Despite slowing growth, investors appear ebullient, pushing stocks to new heights. Nevertheless, BlackRock warns that economic data has to pick up to warrant the richer valuations in equities and exchange traded funds.
Fourth-quarter GDP growth was downwardly revised to 2.4% from 3.2%, with personal consumption, a large driver of U.S. economic growth, was also revised to a lower-than-expected 2.6%, Russ Koesterich, Managing Director, BlackRock’s Global Chief Investment Strategist, said in a note.
Durable goods dipped 1.0% in January after a significant decline in December, marking the first time the economy experienced two consecutive months of declines in durable goods since 2011. Additionally, the Chicago Fed National Activity Index has fallen to a six-month low.
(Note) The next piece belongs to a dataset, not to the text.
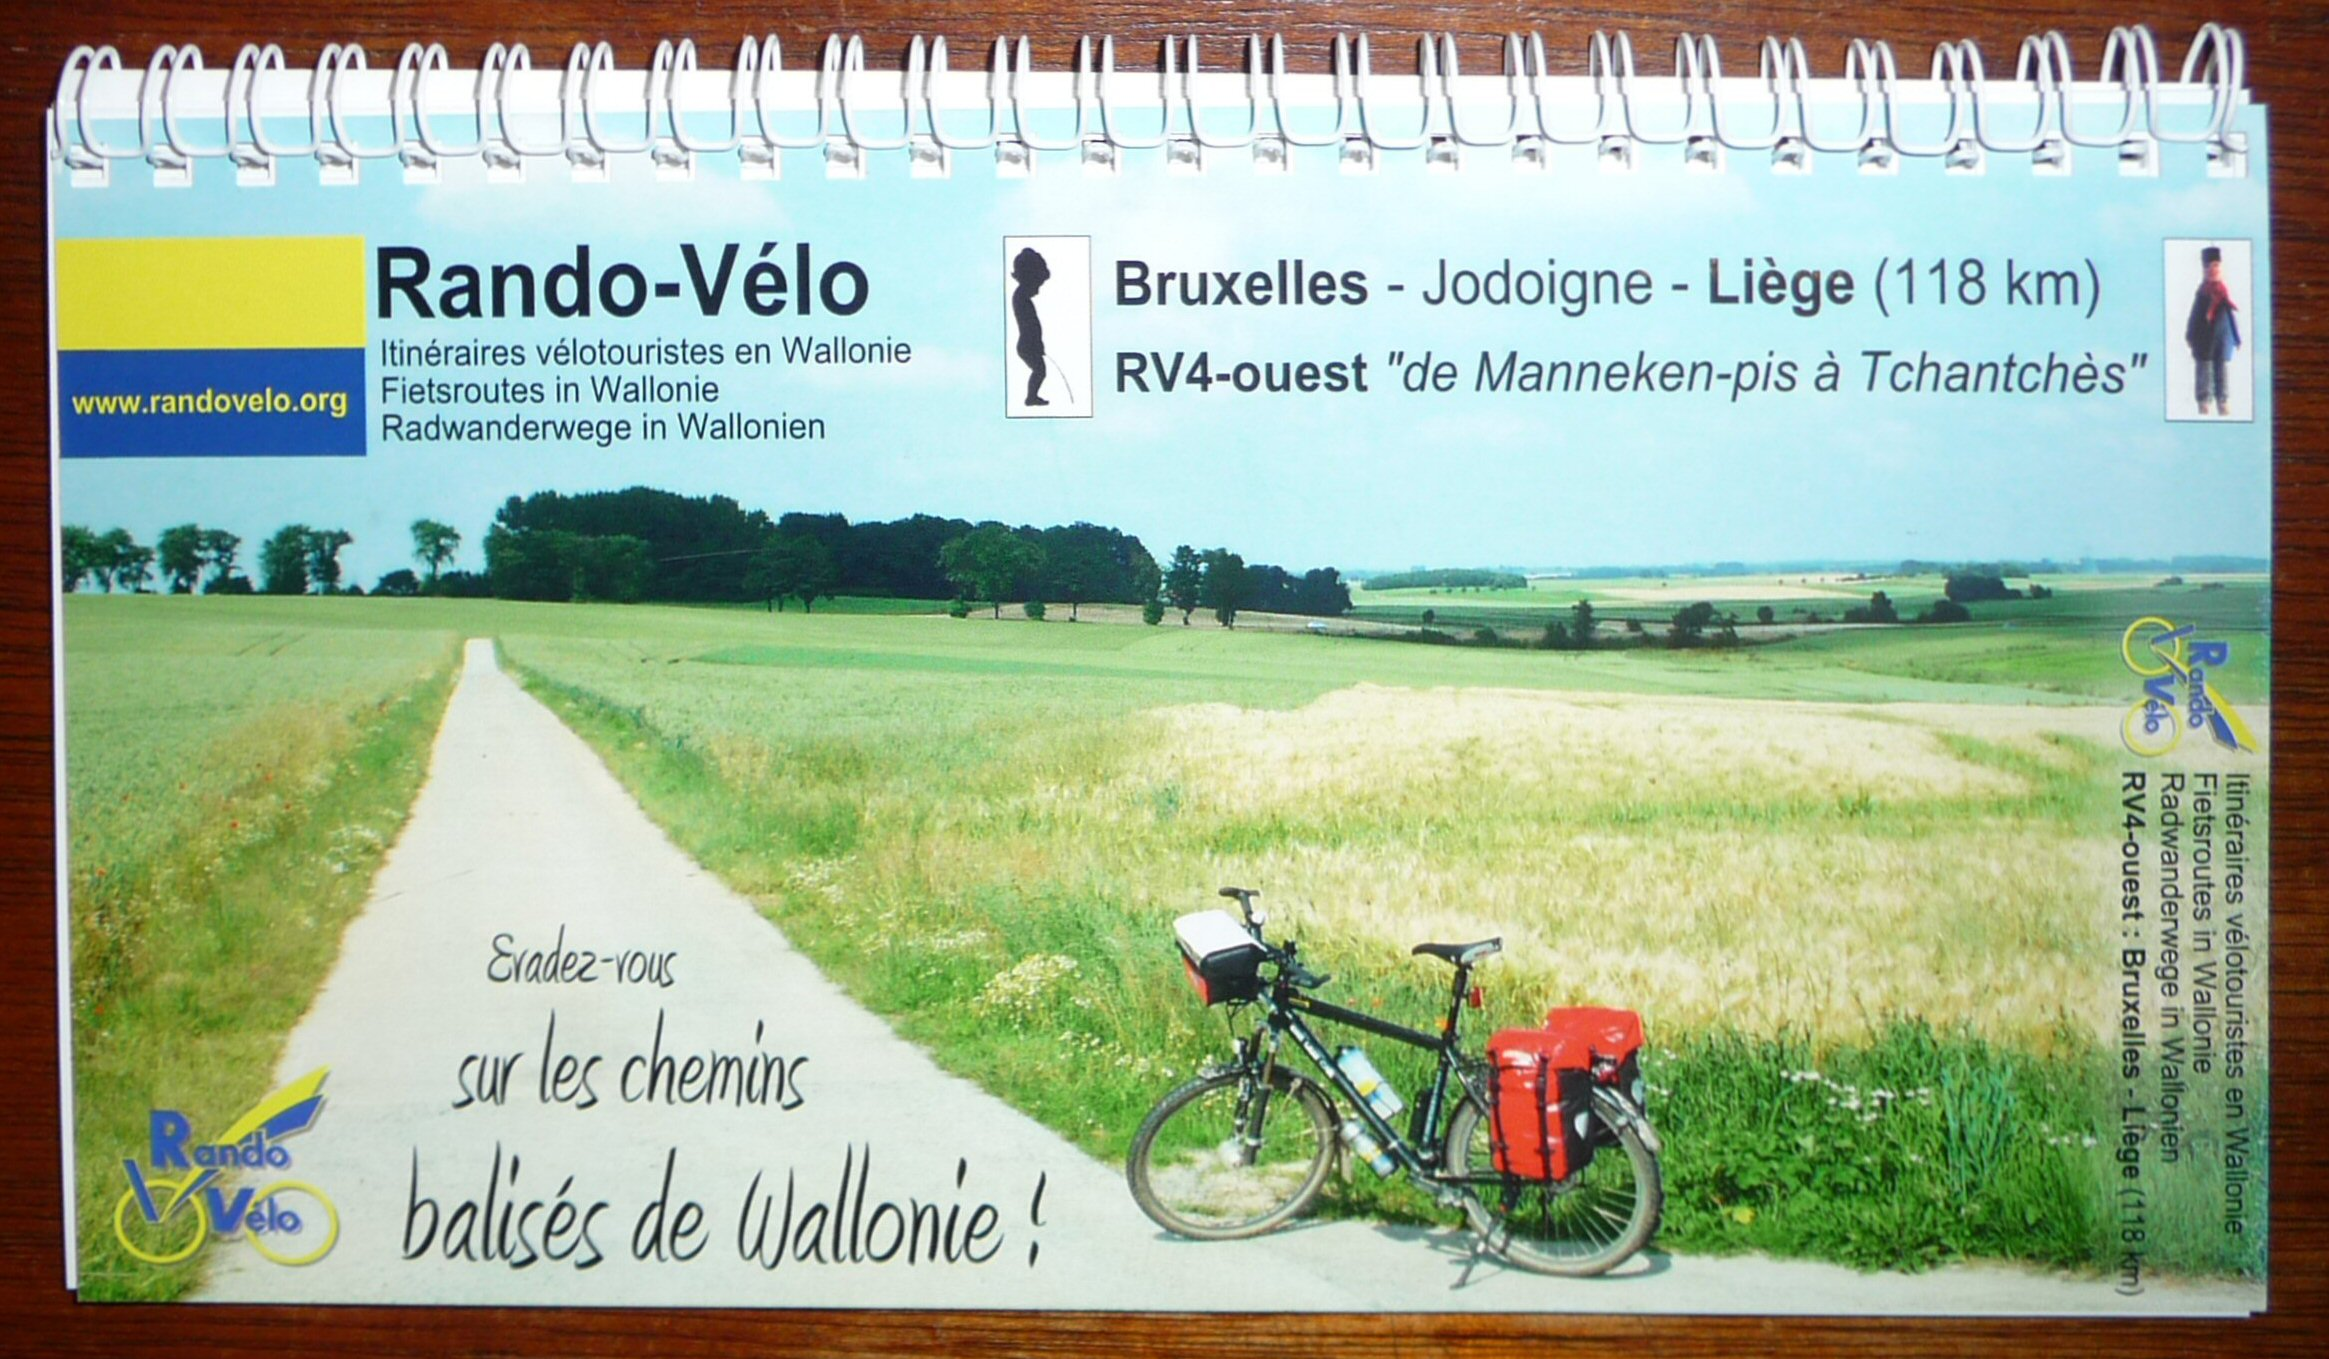 Fietsgids Rando-Velo RV 4 Brussel - Luik   Randovelo

On the other hand, the housing market is holding up remarkably well, even with the crippling winter storms.
“Despite the weakness in economic growth, investors have been bidding up stock
prices, causing valuations for U.S. equities to climb,” Koesterich said. “U.S. large-cap stocks are now trading at over 17x trailing earnings, close to the multi-year highs we saw late last year.”
U.S. stocks are rebounding Tuesday after the Ukraine-crisis induced sell-off Monday, with the S&P 500 jumping to a new record high.
The SPDR Dow Jones Industrial Average ETF (NYSEArca: DIA) shows a portfolio price-to-earnings of 15.06, SPDR S&P 500 (NYSEArca: SPY) has a portfolio price-to-earnings of 16.02 and PowerShares QQQ (NasdaqGS: QQQ) has a portfolio price-to-earnings of 20.66.
Koesterich also warns of similar trends in high-yield bonds where the yield spread between U.S. speculative grade debt and Treasuries is tightening.